Specifically dojo has this useless dijit widget collection. For any serious web app I doubt you would find dijit suitable to exactly your needs. Which means you have to develop your own using the query/animation/events api.

1 comments

"Most apps I worked on required only querying and events."

Well, that's not really quite the background to call the dojo widgets useless. They are a really useful set of _programmable_ widgets.

Aye, they _might_ appear to be useless to developers used to cut & paste, but if you delve a little deeper you will discover a world of useful UI widgets that can fulfill most of your needs for rich web applications.

If your needs aren't fulfilled with the provided widgets you can always make your own or modify the existing ones with the tools provided, that I must say are great at it.

Because there is really no need for the widgets dojo provides. In every project where a widget kind of thing was required - the requirement also included it to be developed in house, exactly suited to our needs. If we would have chosen dojo widgets we would have had to alter them heavily to do what we want, the way we want it, the way it fits with our codebase. We did that once though, and learned not do try that again.
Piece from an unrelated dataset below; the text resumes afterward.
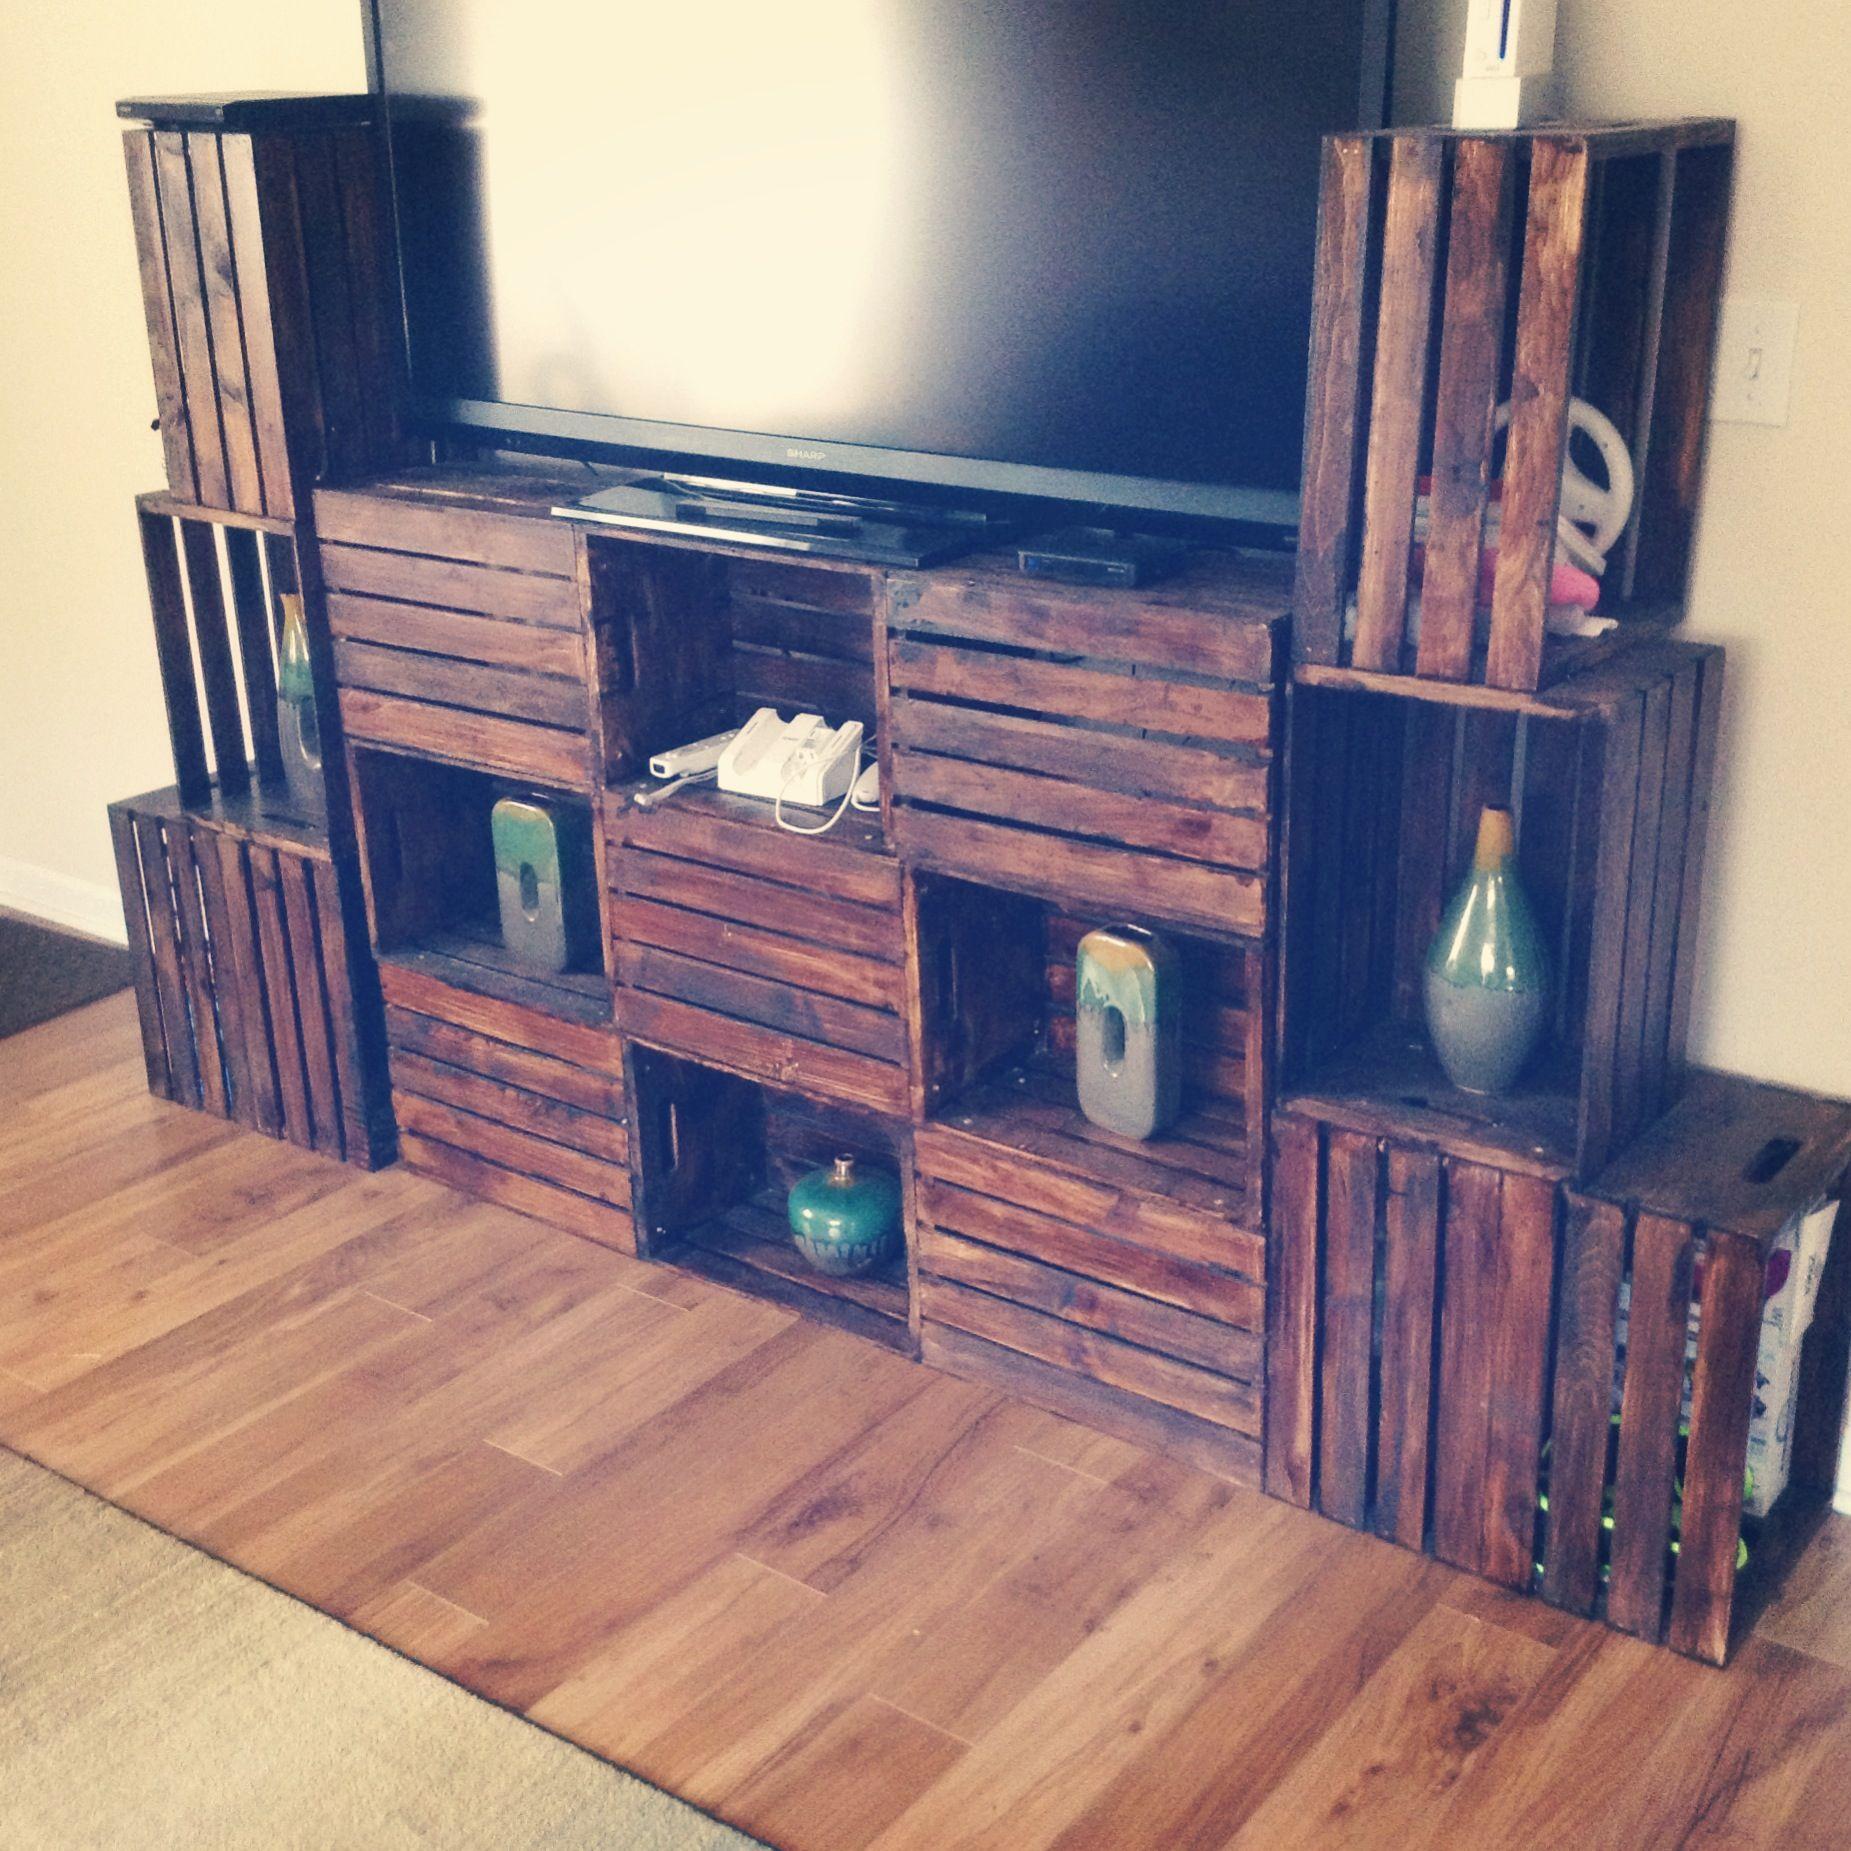 crate furniture diy tv stand diy pinterest zuhause haus und diy m bel. Black Bedroom Furniture Sets. Home Design Ideas

How is using dojo widgets not "cut and paste"? Thats exactly what cut and paste is, all the jQuery stuff we develop is our own, not cut and pasted. If we really wanted to use dojo widgets, some in the team would have to dig deep into dijit, which makes the whole thing useless since they might as well develop their own "widgets" using jquery in less time, and less maintenence, and less dependency on yet another abstraction/library.